FOSS is community first

If you want to hear this post, you can listen to it on my racket

On the weekend there was a discussion about people in FOSS on twitter. It started that people my age, nearly 40, who have been in Open Source for a long time have failed the younger generation of FOSS supporters.

If you’re unaware of what FOSS stands for, it means Free and Open Source Software.

So… why have my generation failed the newer members of FOSS world? Well, it’s pretty simple. We didn’t maintain enough of the core philosophy of community.

When FOSS was gathering steam we saw groups like theFree Software Foundation build out licenses to protect the code. Unfortunately a lot of these projects never prioritised community. They became incredibly toxic places and when people wanted to introduce a Code of Conduct it was met with more toxicity.

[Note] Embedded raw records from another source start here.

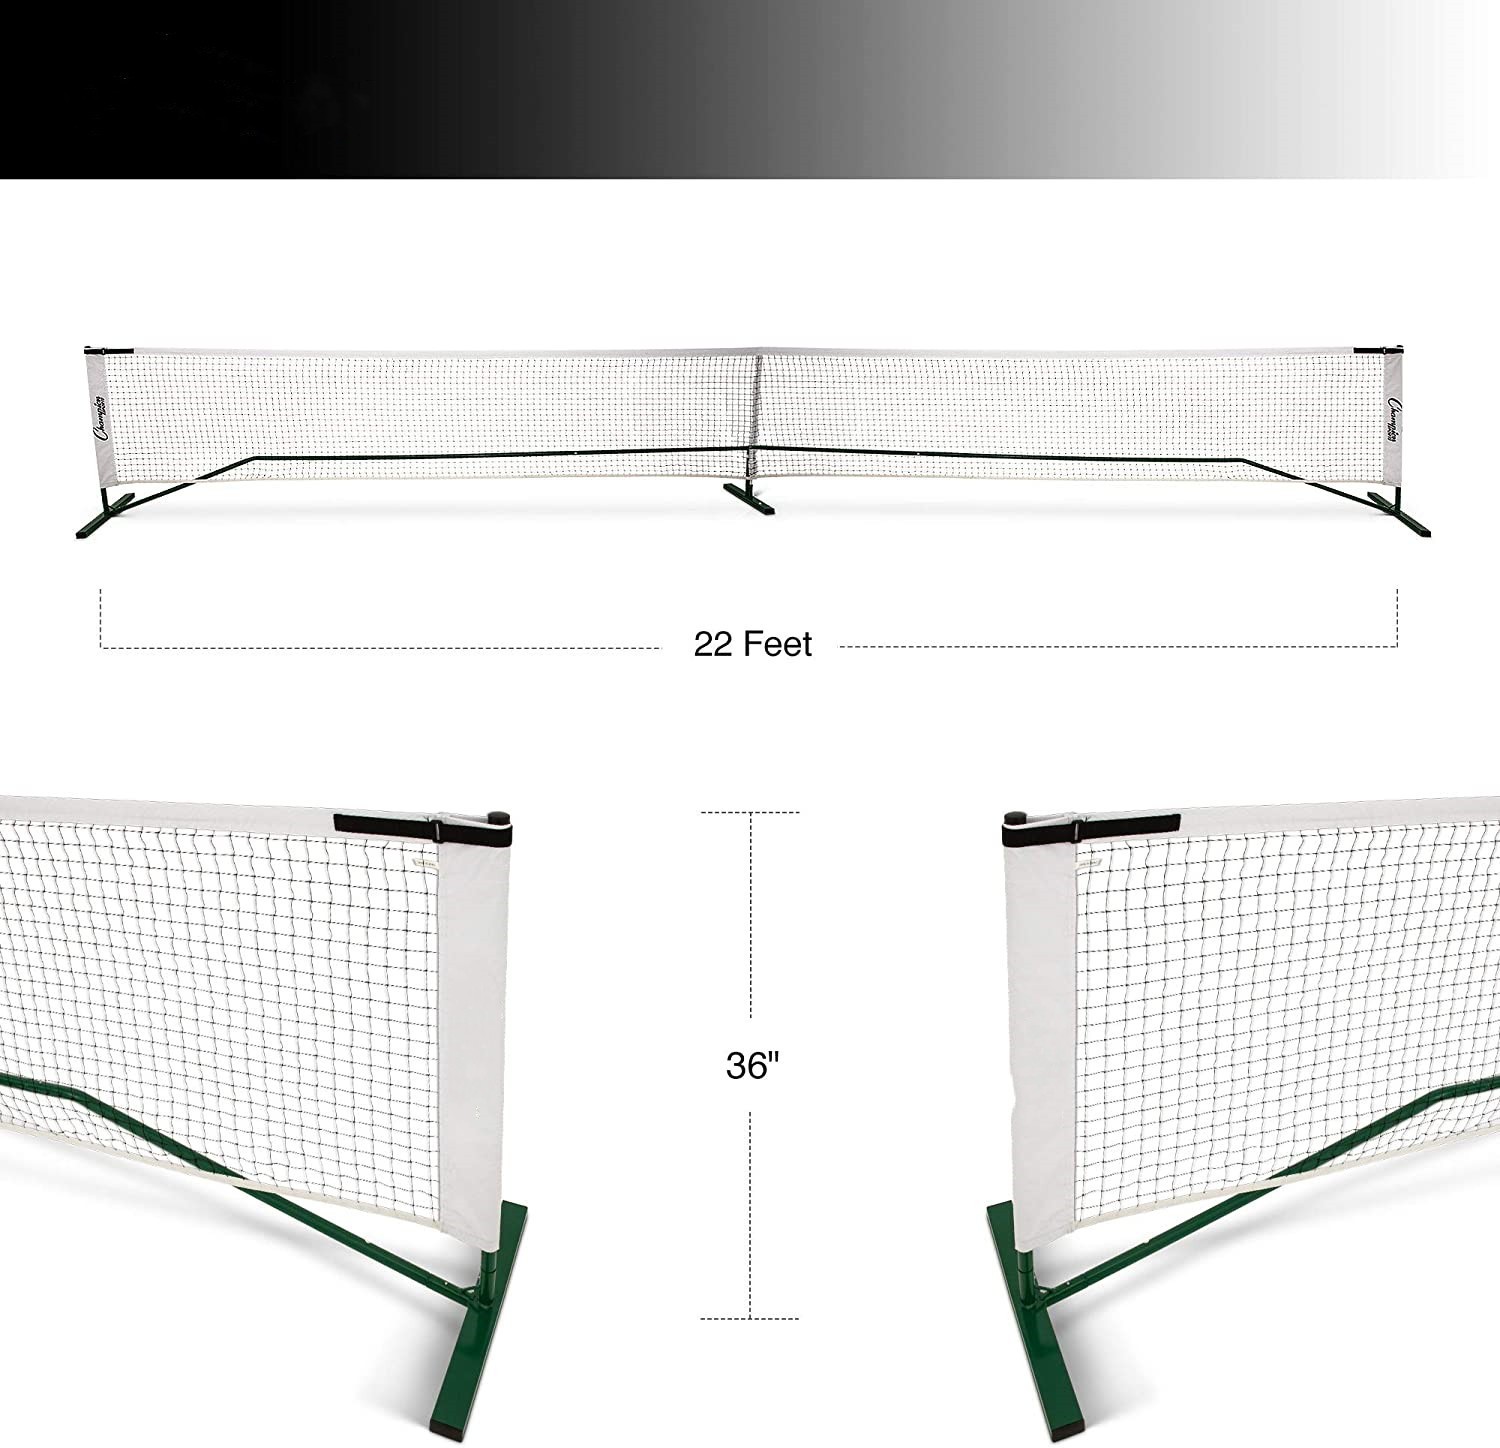 厂家直供22尺*36英寸匹克球网pickleball net户外运动球网便携式
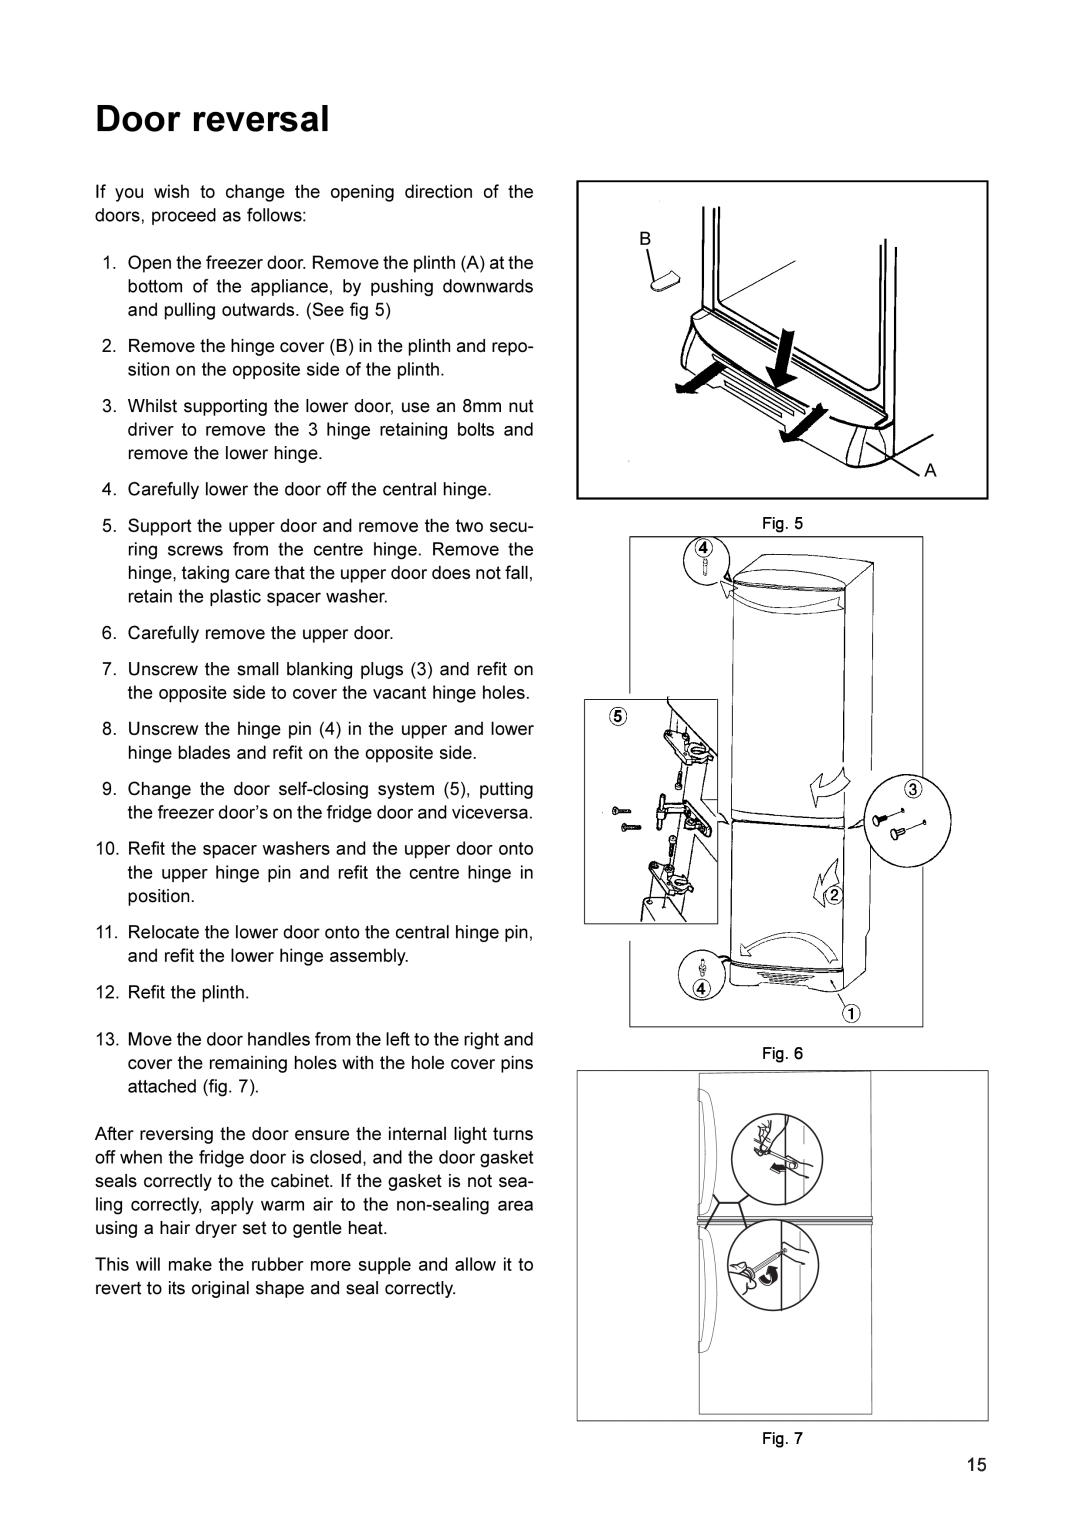 John Lewis JLFFW2001 manual Door reversal 
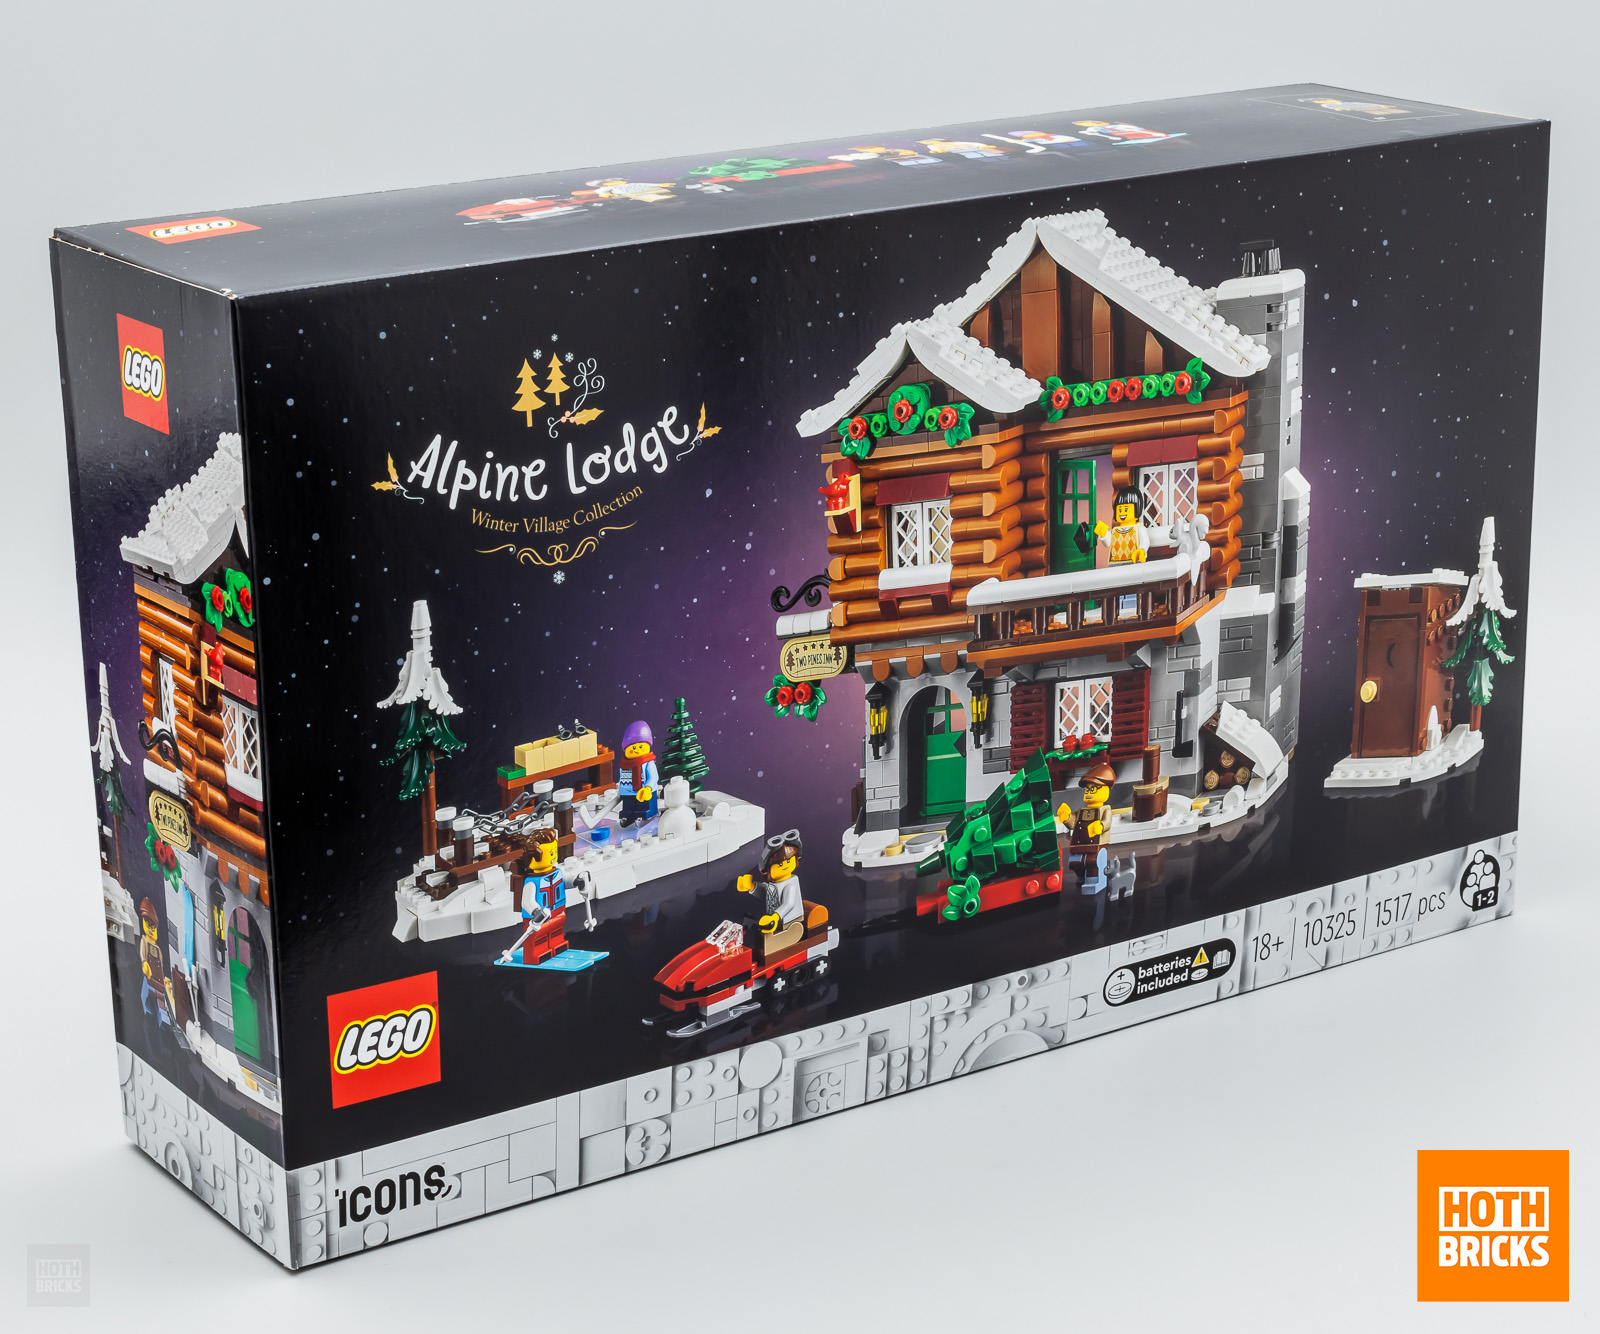 Concours un exemplaire du set LEGO ICONS 10325 Alpine Lodge à gagner

But philosophy, especially the idea of FOSS, can not live in a vacuum. It requires the torch to be passed to newer members. If you don’t have that then you’ve never really lived in the FOSS world, you’ve been promoting the idea of public source.

I also think there is a lot of “bastardisation” of Open Source by companies claiming to care about open source. They form Open Source Program Offices and run it purely for the compliance side but not for the community or the key part of Open Source. The code. I will write about how this can be solved in a future blog post as this is a lengthy subject in itself.

So, if you are working on FOSS, remember the reason why it came to be. It was about the altruistic belief that we should be giving code to the community to benefit the community, not to benefit us.